» **What this task involves**
Before copying, set the pictures aside; then repeat every line below verbatim.

» **Collected material**
BEGIN
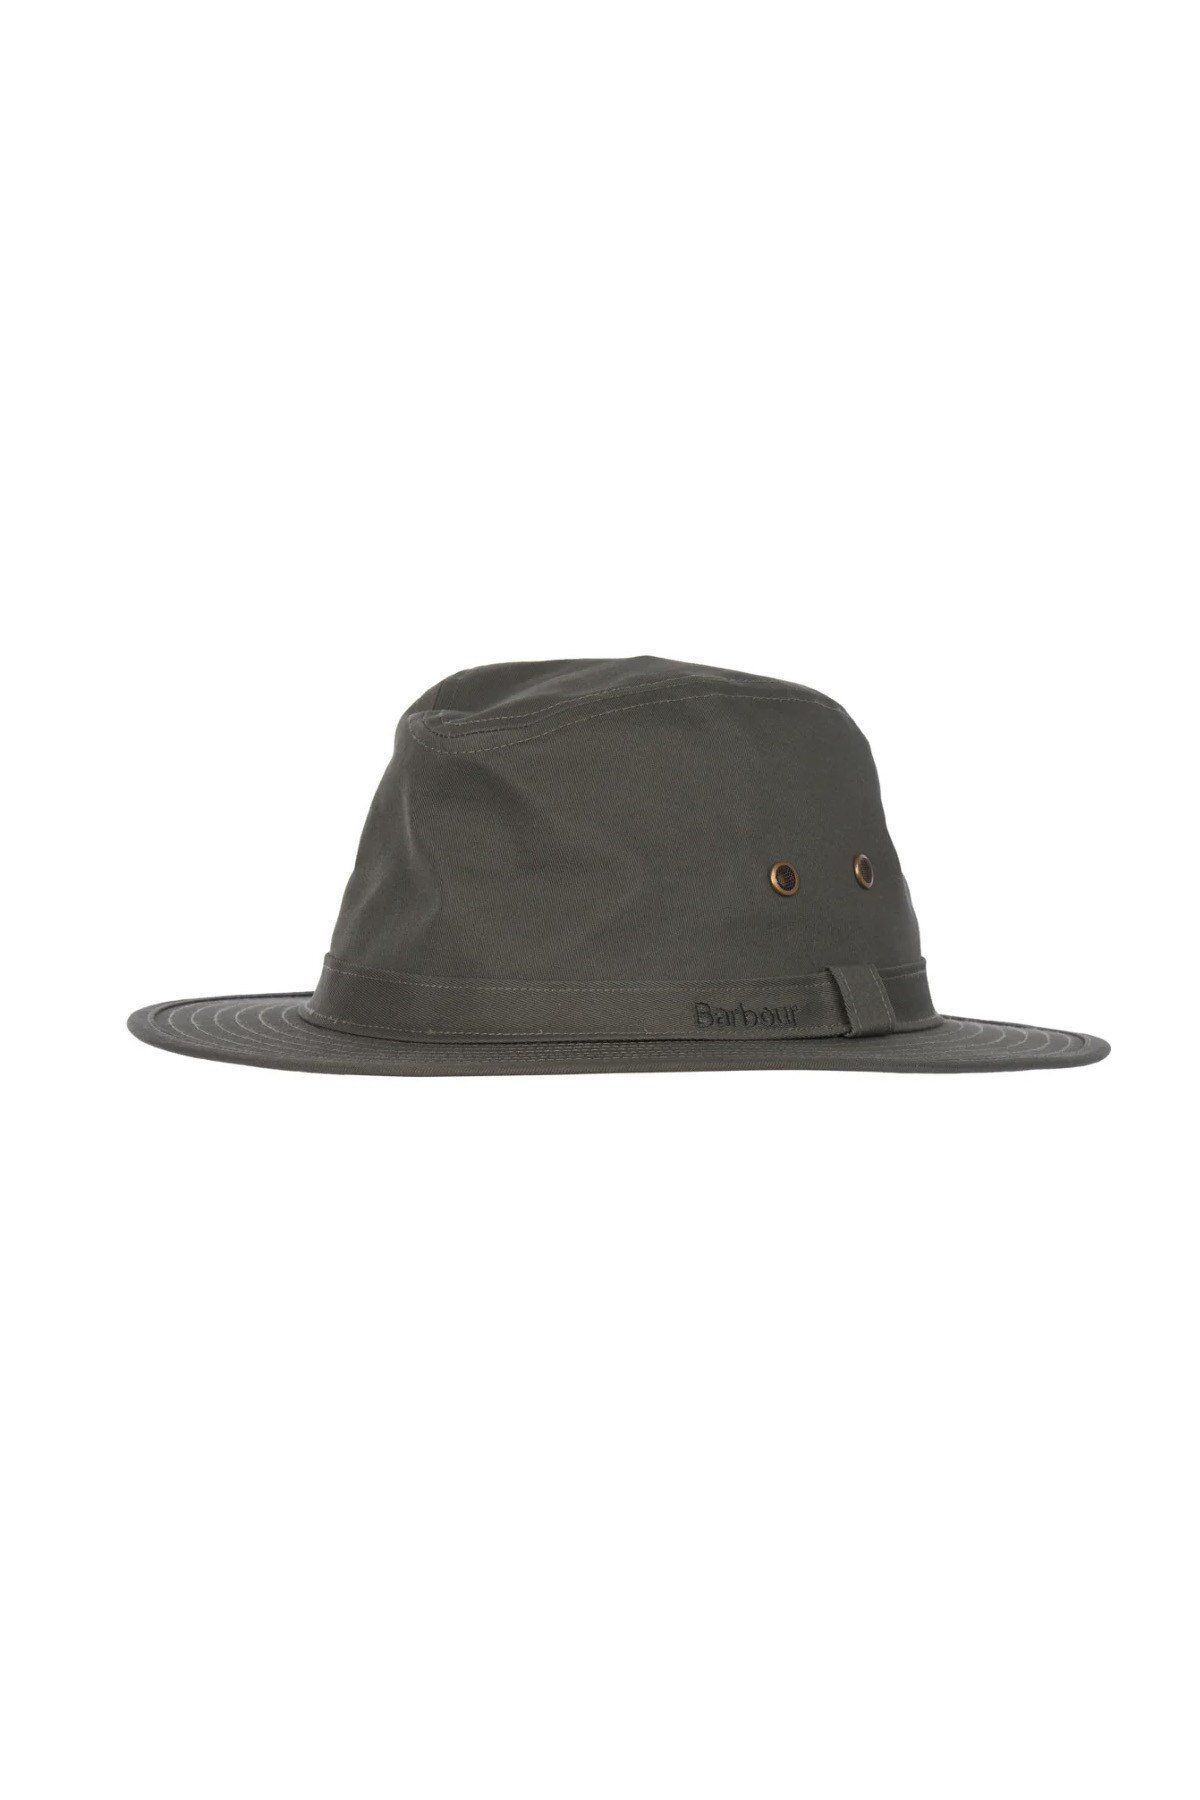 Barbour Dawson Safari Hat OL51 زیتون
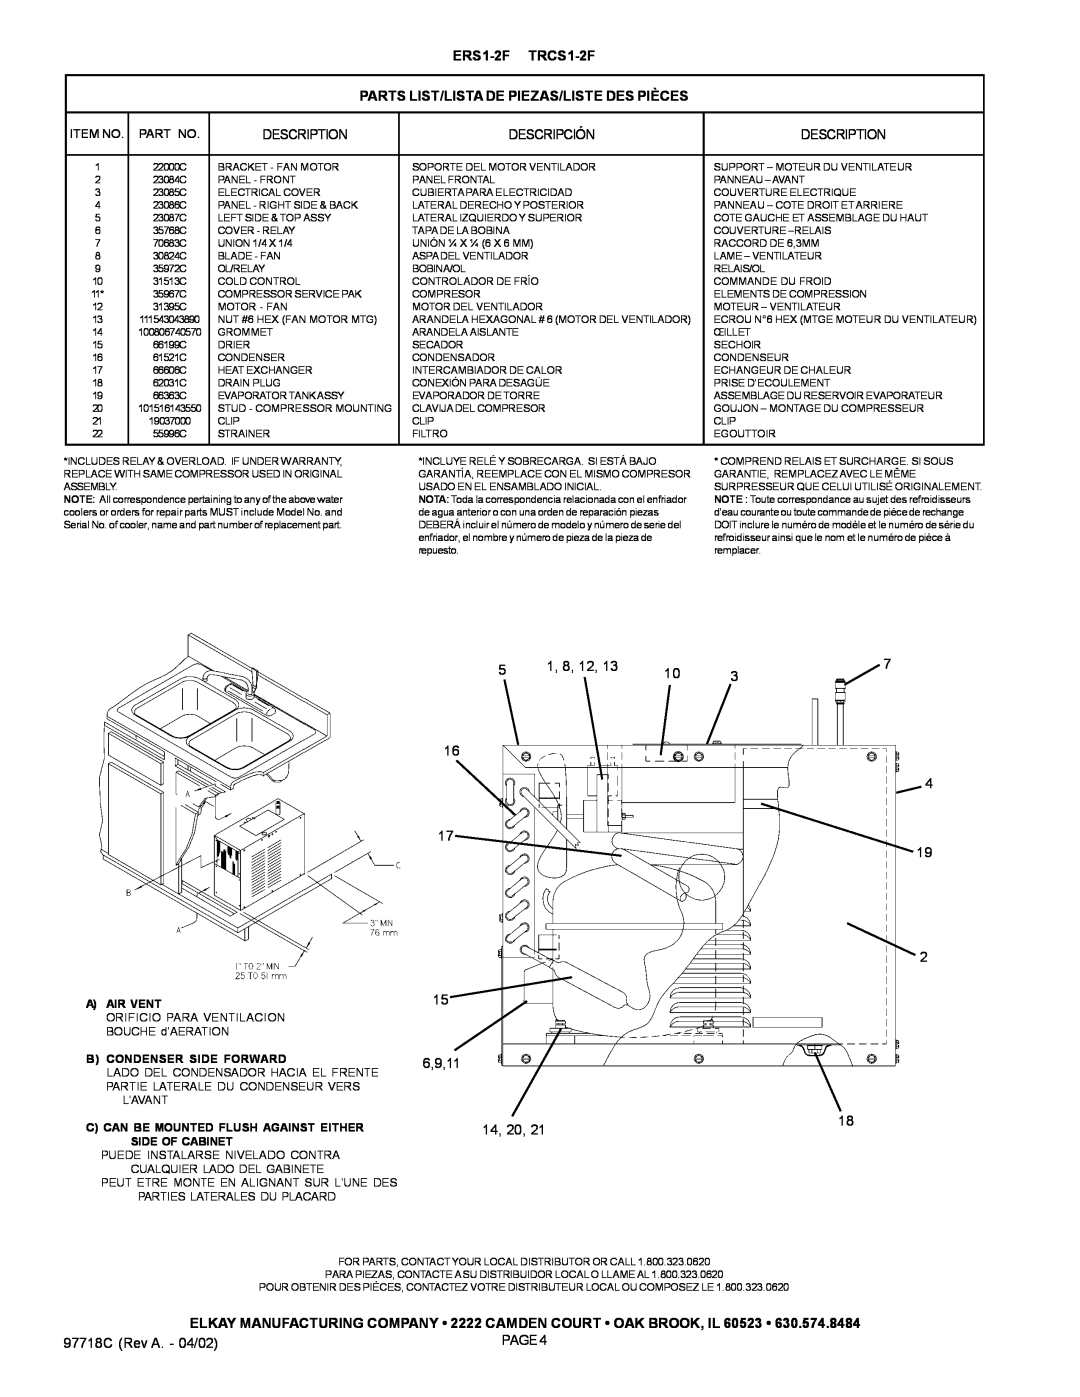 Elkay manual ERS1-2F TRCS1-2F, Parts List/Lista De Piezas/Liste Des Pièces 
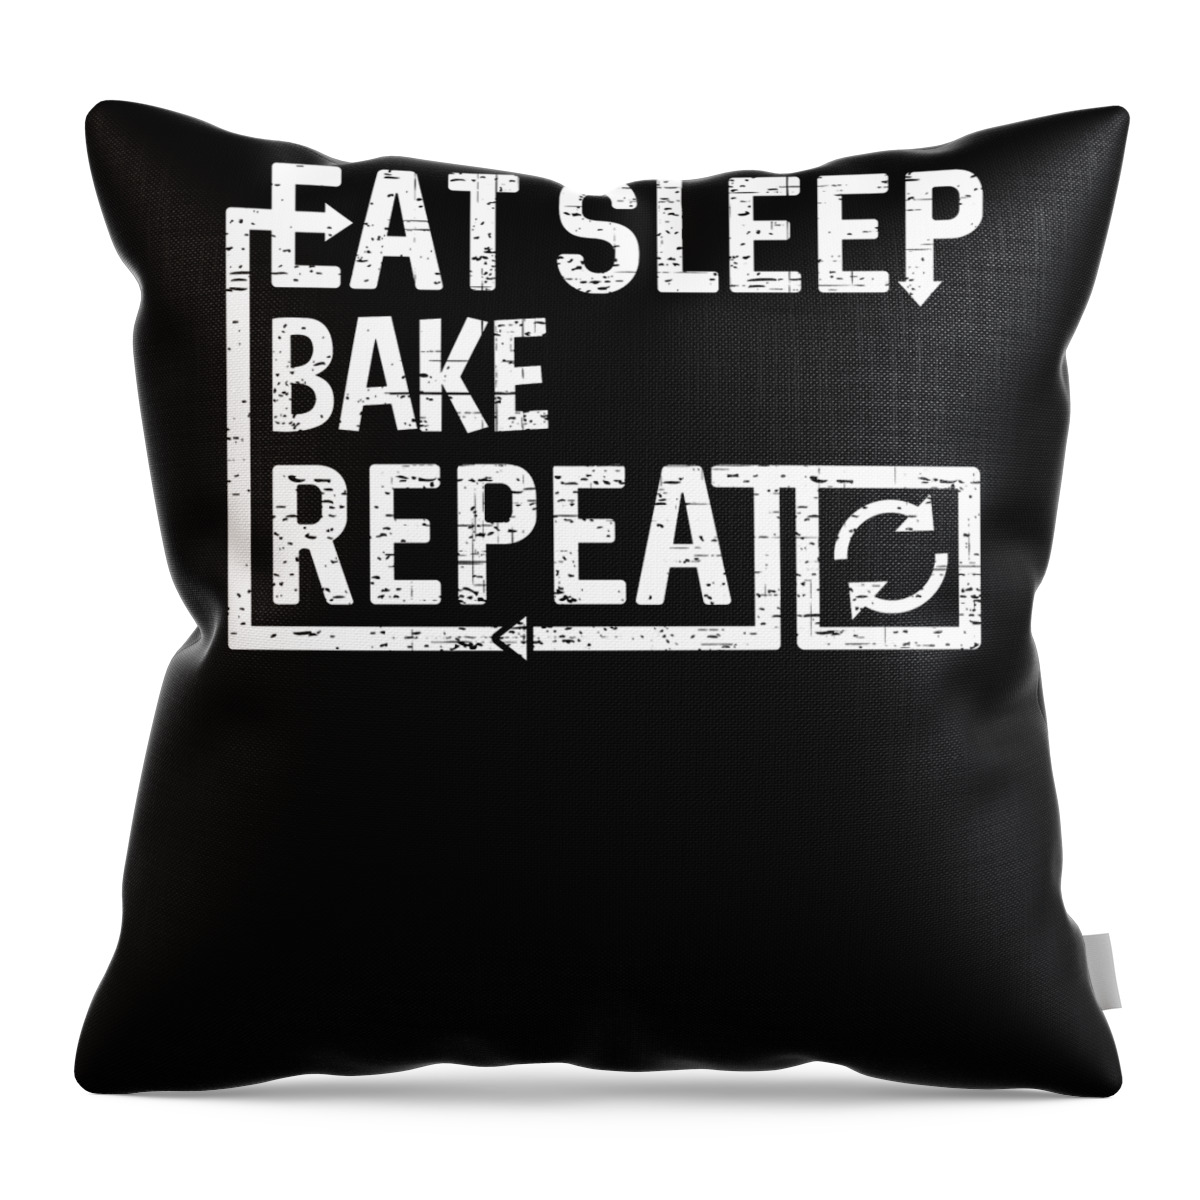 Cool Throw Pillow featuring the digital art Eat Sleep Bake by Flippin Sweet Gear
END
» **Your solution**
 Barbour Dawson Safari Hat OL51 زیتون
 Elkay manual ERS1-2F TRCS1-2F, Parts List/Lista De Piezas/Liste Des Pièces 
 Cool Throw Pillow featuring the digital art Eat Sleep Bake by Flippin Sweet Gear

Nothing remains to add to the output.